I imagine this must be a really fun show to work on.
It's not like anything else I've ever shot, it's really amazing. So, everyday you kind of sink into work, and I've very much enjoyed it. A lot of BBC dramas, or dramas that have been telling the mythological story of your country, tend to be very full of gritty, grimy realism, but Killing Eve is not.
Based on the premise of the show, you would expect this straightforward spy thriller, and then Killing Eve really turns that on its head. What is it like to play in that space?

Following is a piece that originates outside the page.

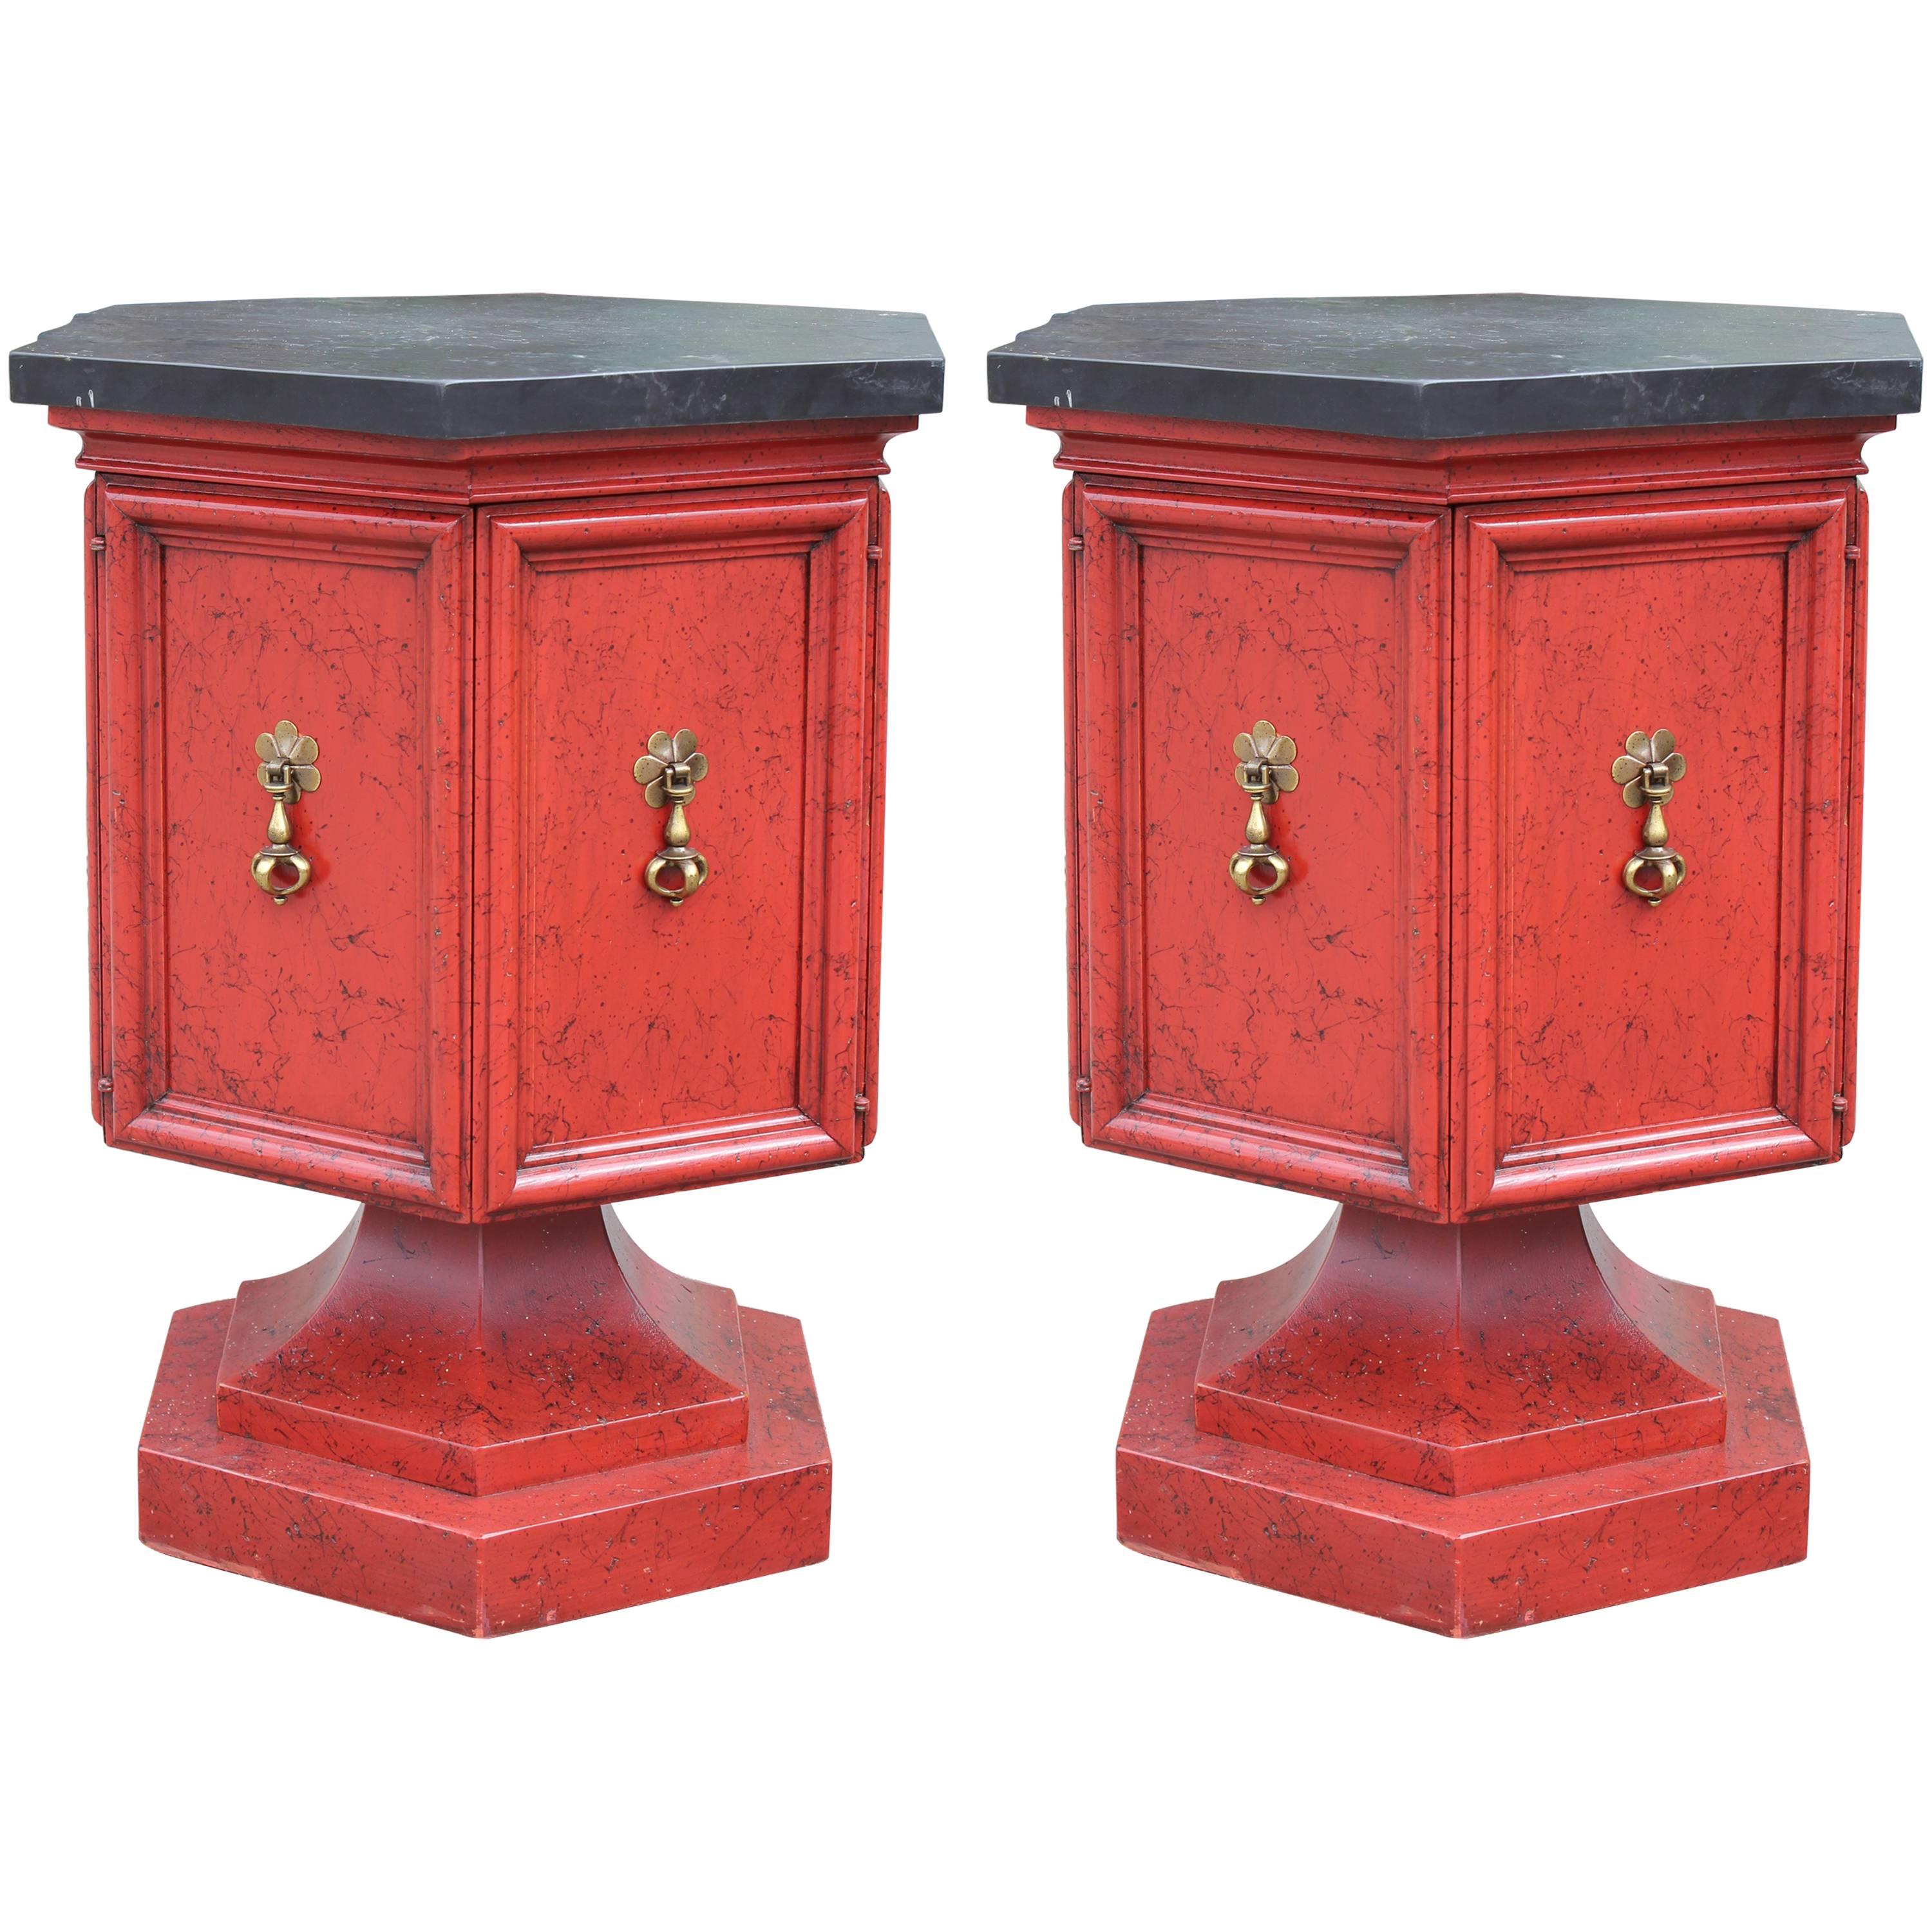 Pair of Hollywood Regency Slate Top Red and Black Pedestal Side or End Tables

I mean, my experience of spy thrillers are of the George Smiley stories. Of course they've all got a grim reality, didn't they? And the spy thriller you will usually see is some battle between the West and the East, between Russia and the U.S. and whether they were fictional or not, that was the tension mostly between Eastern Germany or Russia and America. This doesn't have that because the enemy, or one of the pawns of the enemy, is a very stylish young woman whom is very attractive. So, the Devil does wears Prada. That flips that premise immediately, doesn't it? That makes it more charming. Then you discover the charm of the people as people rather than the tension of the problem.
It is at its core a show about these very charming people who are all kind of monsters.

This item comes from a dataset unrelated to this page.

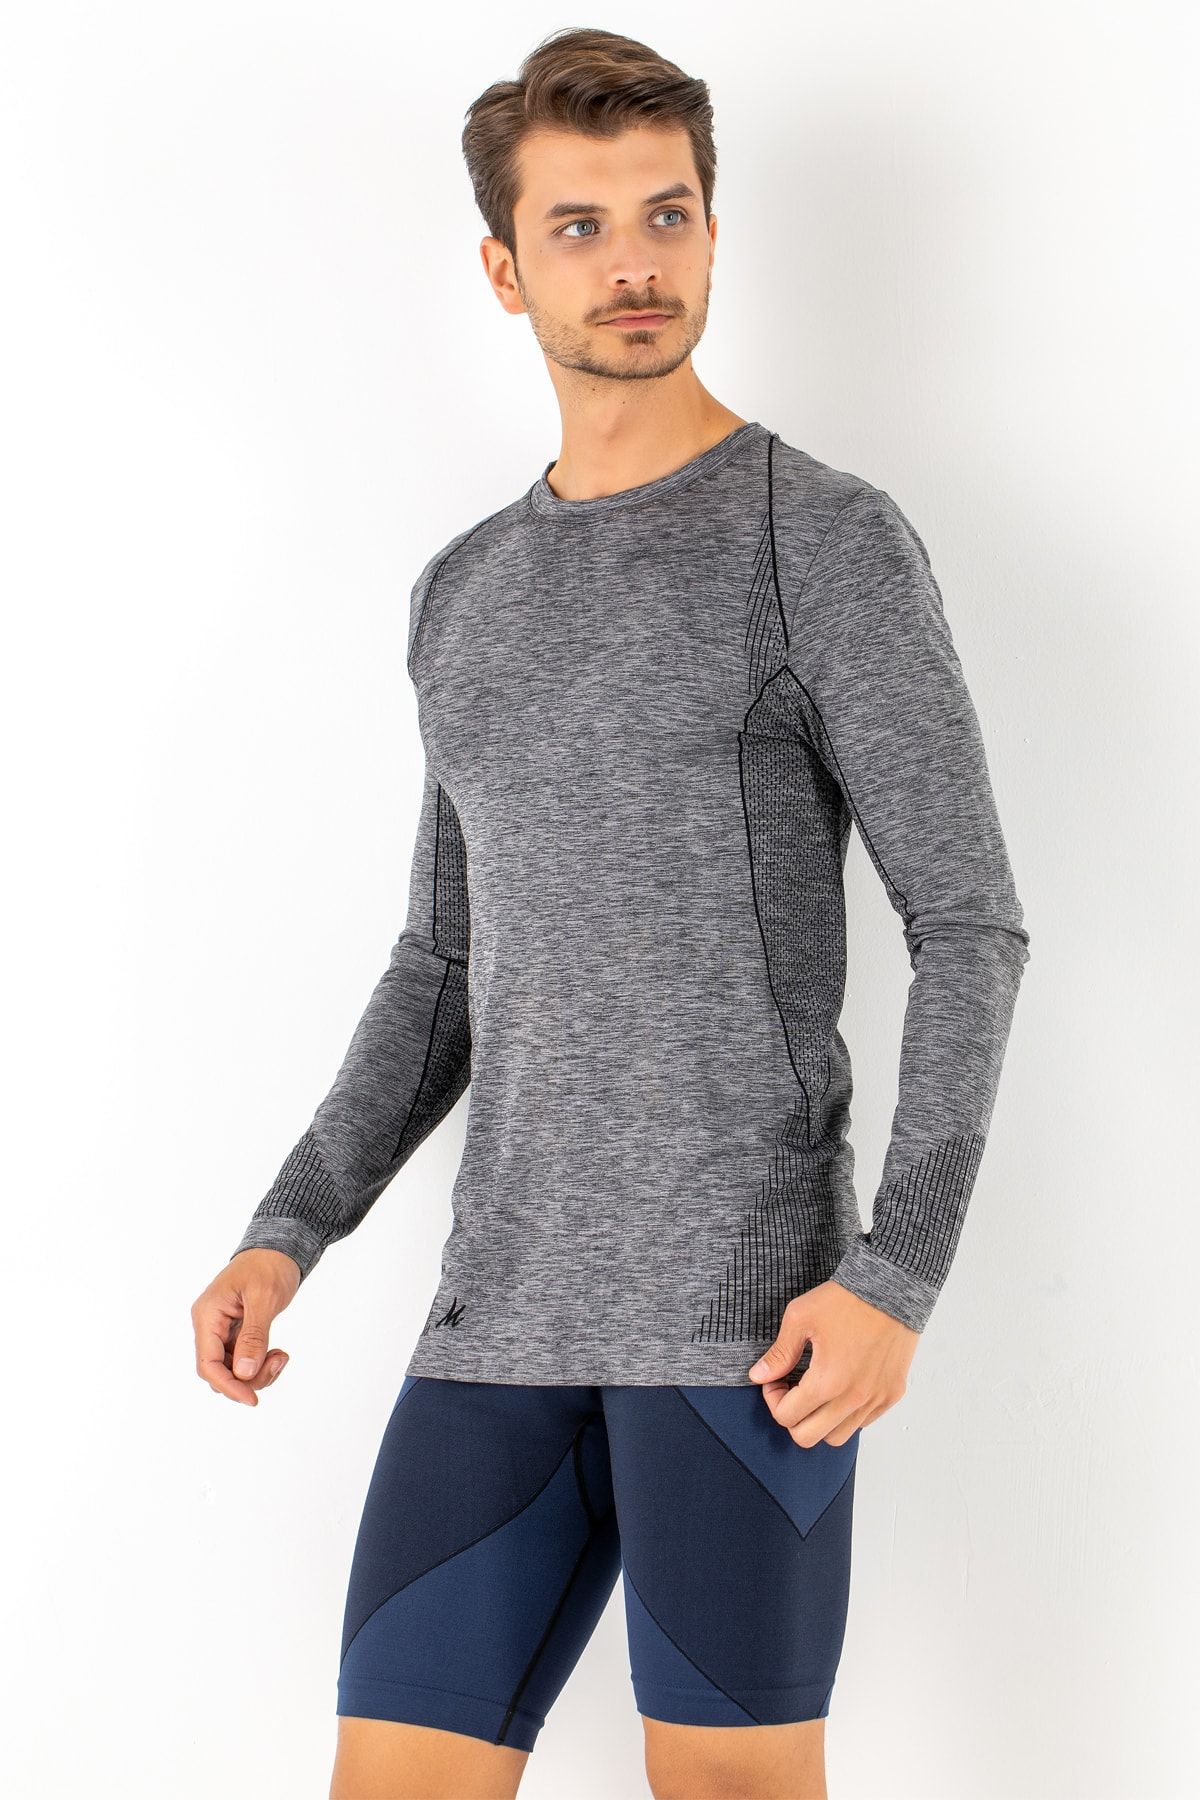 MioFit Erkek Active Wear Uzun Kollu Spor T-Shirt

Yeah, I mean for them, you know the language of death or murder is all too easy and that's both the good news and the bad news, isn't it? I mean, obviously Villanelle has a disposition towards murder which you can either find appalling, as some people do, or you can reduce it down to such light entertainment that you aren't bothered by it--but violence is violence. Also the MI6 people have to themselves not be as emotionally involved with death as the average person in the street might be.
What is it like being part of this show that is so centered around women at this particular cultural moment?
It's been a long time coming. It's very late in the century for this to be the case, and I hope [this is] the beginning of a much more diverse expectation of what a hero or heroine is.
For a long time the premise was that a male, white, hero or the anti-hero had to be the center of the story. For a long time, we knew that that didn't necessarily have to be the case. I think it was probably lead by Hollywood. There were many many better things written in the 40's than [there were] written in the 60's, and 70's, and 80's, and 90's. So, I'm very glad this has happened, and I'm very proud of it, I'm so proud.
The show itself has such overt, queer overtones in the relationship between Eve and Villanelle so, what is that like to be on a show that's not backing down on that kind of representation?
Well I think what's happened in England certainly is that fluidity, gender fluidity or sexuality fluidity, has been explored by writers like Phoebe [Waller-Bridge, who developed the show] and Emerald [Fennell, head writer of season two]--that some lid has come off. So, the writing is responding to a reality, it's not leading it, and that is amazing that we are all living in such a time, isn't it?
Do you think Aunt Petunia would watch Killing Eve?
[Laughs] That's a crazy question. No, she really wouldn't like it.
Not even in secret?
She wouldn't like it at all. I don't think she would like it at all. I think she would like to turn the television off. [Laughs]
Well, maybe that's a good thing? Maybe that means you're doing something right.
[Full on cackling] That's a brilliant question.
Killing Eve season two premieres April 7.